CAREFUL: DO NOT use fold=all when you intend to run the cascade! You must run the cross-validation in 3d_lowres so 
that you get proper (=not overfitted) low resolution predictions.
 
## Sharing Models
You can share trained models by simply sending the corresponding output folder from `RESULTS_FOLDER/nnUNet` to 
whoever you want share them with. The recipient can then use nnU-Net for inference with this model.

You can now also use `nnUNet_export_model_to_zip` to export a trained model (or models) to a zip file. The recipient 
can then use `nnUNet_install_pretrained_model_from_zip` to install the model from this zip file. 

## Can I run nnU-Net on smaller GPUs?
nnU-Net is guaranteed to run on GPUs with 11GB of memory. Many configurations may also run on 8 GB.
If you have an 11GB and there is still an `Out of Memory` error, please read 'nnU-Net training: RuntimeError: CUDA out of memory' [here](common_problems_and_solutions.md).
 
If you wish to configure nnU-Net to use a different amount of GPU memory, simply adapt the reference value for the GPU memory estimation 
accordingly (with some slack because the whole thing is not an exact science!). For example, in 
[experiment_planner_baseline_3DUNet_v21_11GB.py](nnunet/experiment_planning/experiment_planner_baseline_3DUNet_v21_11GB.py) 
we provide an example that attempts to maximise the usage of GPU memory on 11GB as opposed to the default which leaves 
much more headroom). This is simply achieved by this line:

```python
ref = Generic_UNet.use_this_for_batch_size_computation_3D * 11 / 8
```

with 8 being what is currently used (approximately) and 11 being the target. Should you get CUDA out of memory 
issues, simply reduce the reference value. You should do this adaptation as part of a separate ExperimentPlanner class. 
Please read the instructions [here](documentation/extending_nnunet.md).

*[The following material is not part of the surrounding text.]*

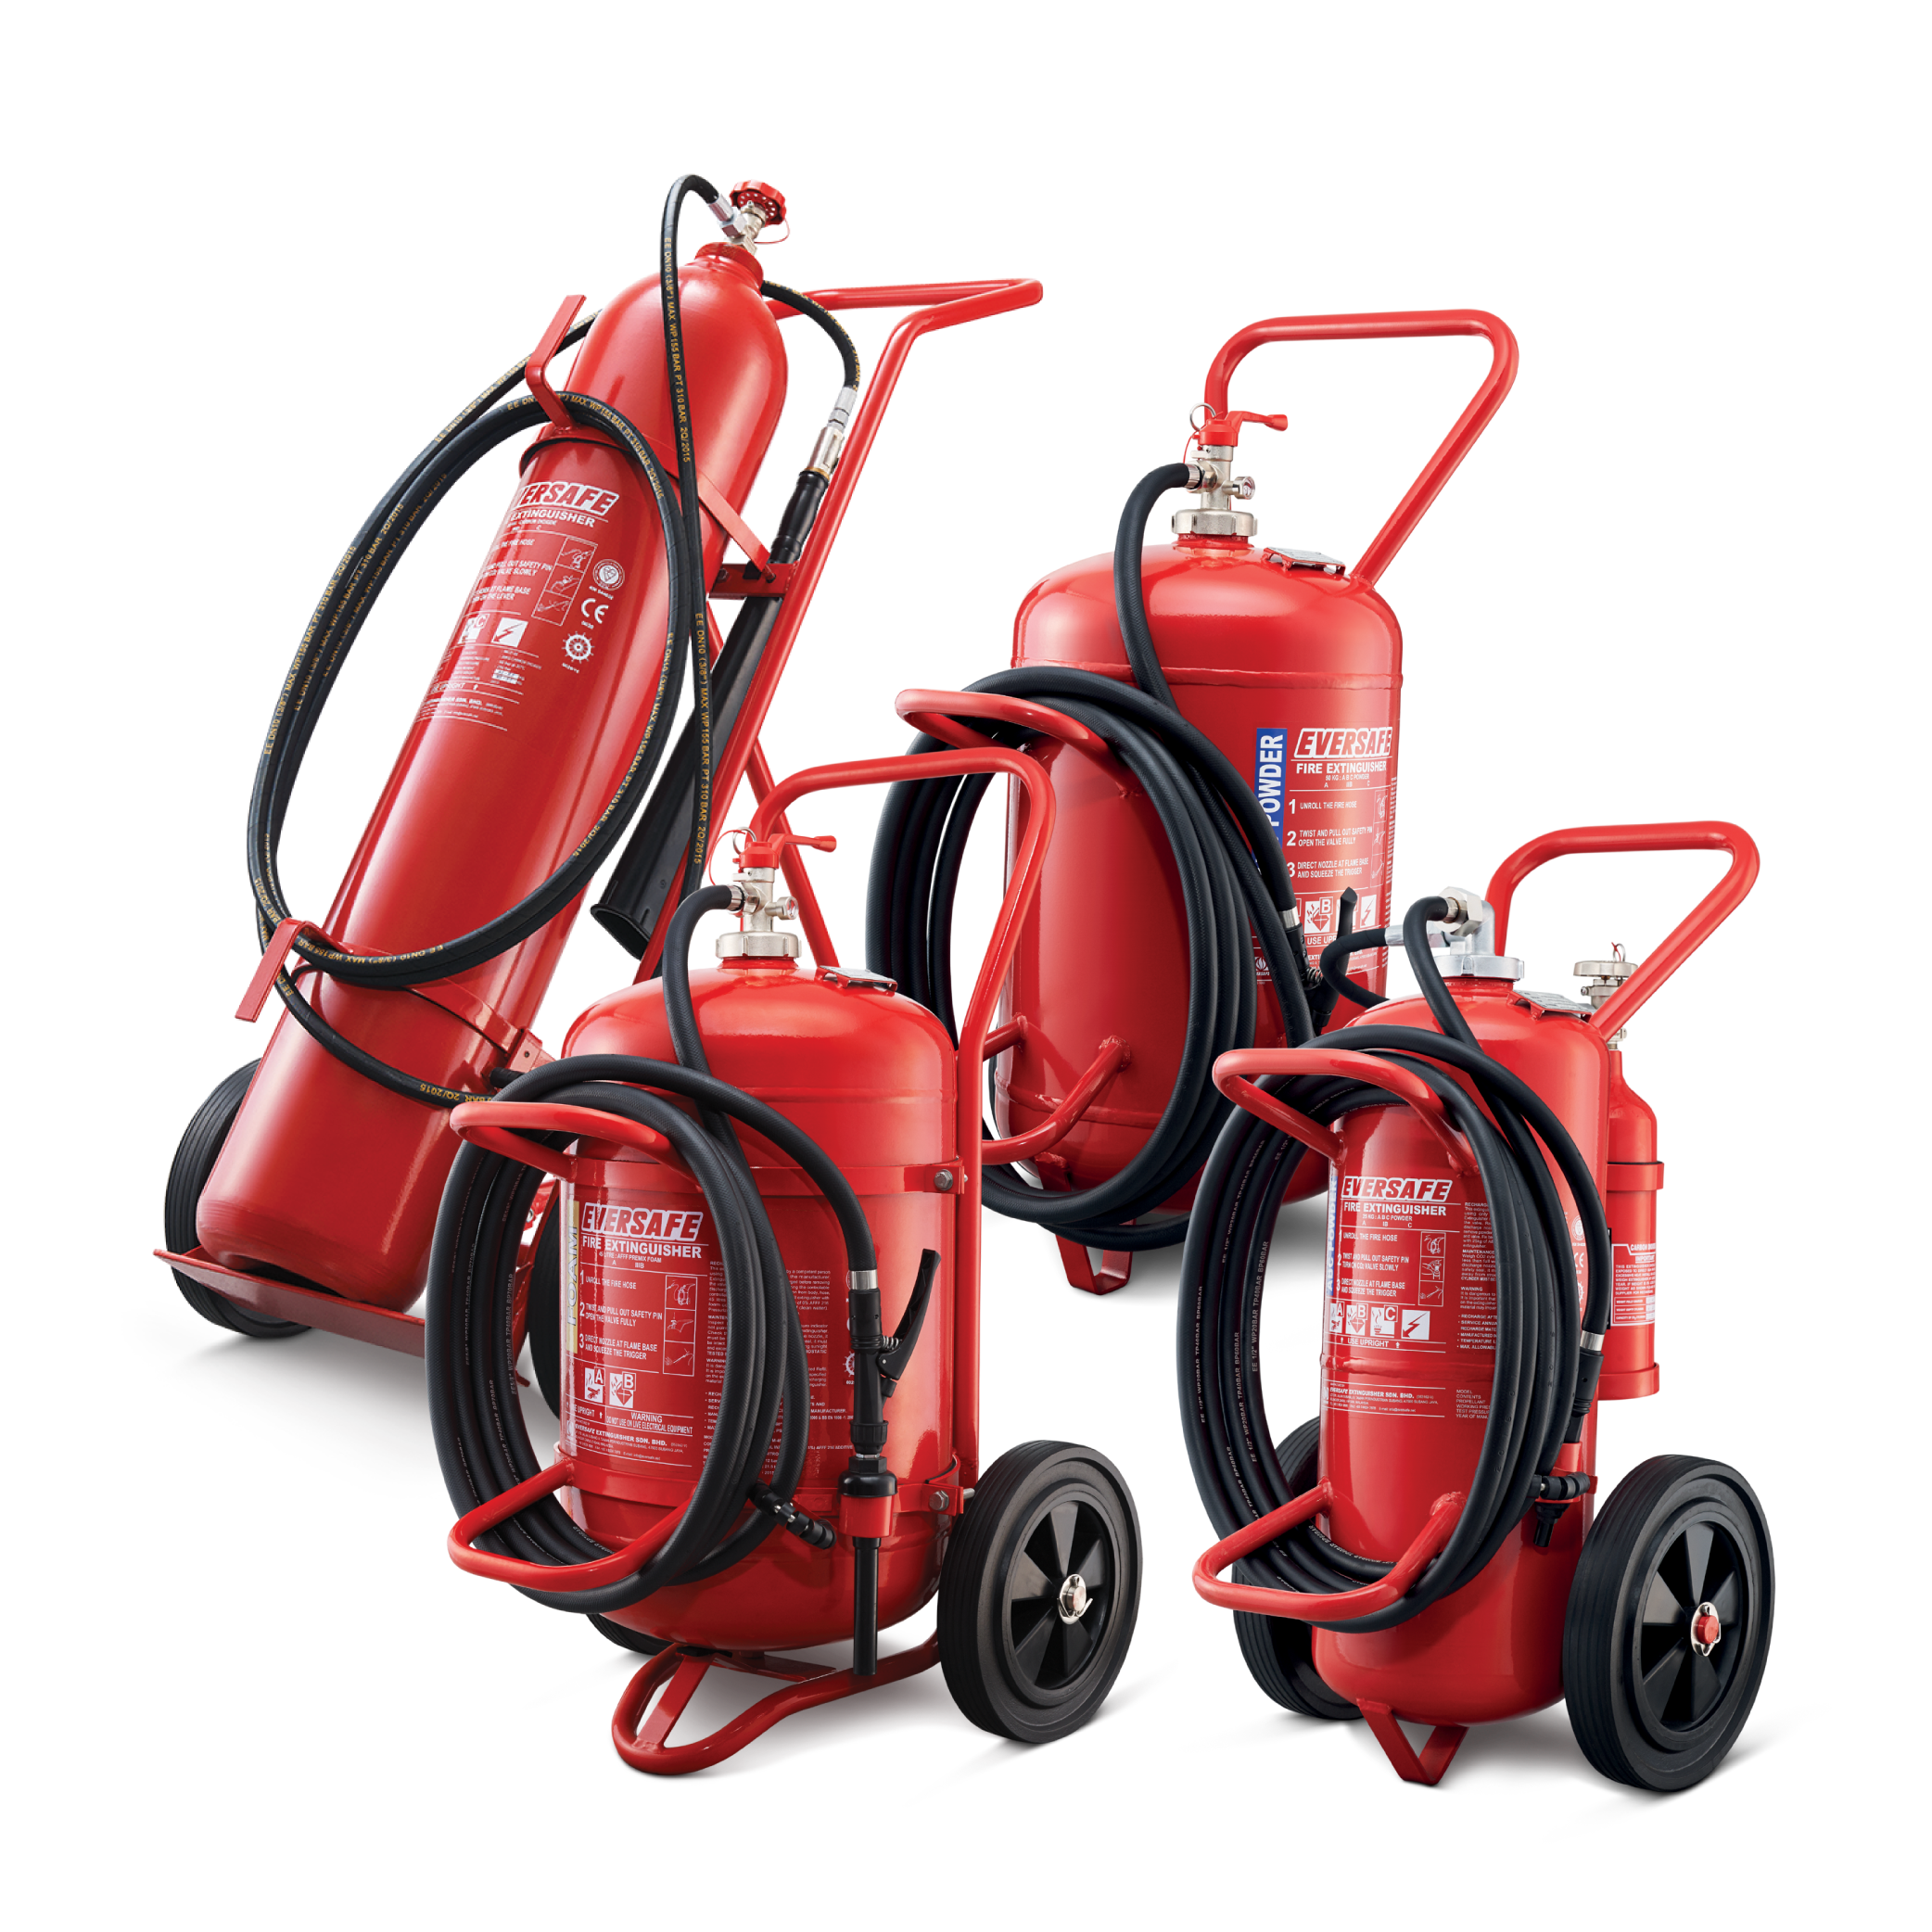 03-Mobile Fire Extinguishers

## Why is no 3d_lowres model created?
3d_lowres is created only if the patch size in 3d_fullres less than 1/8 of the voxels of the median shape of the data 
in 3d_fullres (for example Liver is about 512x512x512 and the patch size is 128x128x128, so that's 1/64 and thus 
3d_lowres is created). You can enforce the creation of 3d_lowres models for smaller datasets by changing the value of
`HOW_MUCH_OF_A_PATIENT_MUST_THE_NETWORK_SEE_AT_STAGE0` (located in experiment_planning.configuration).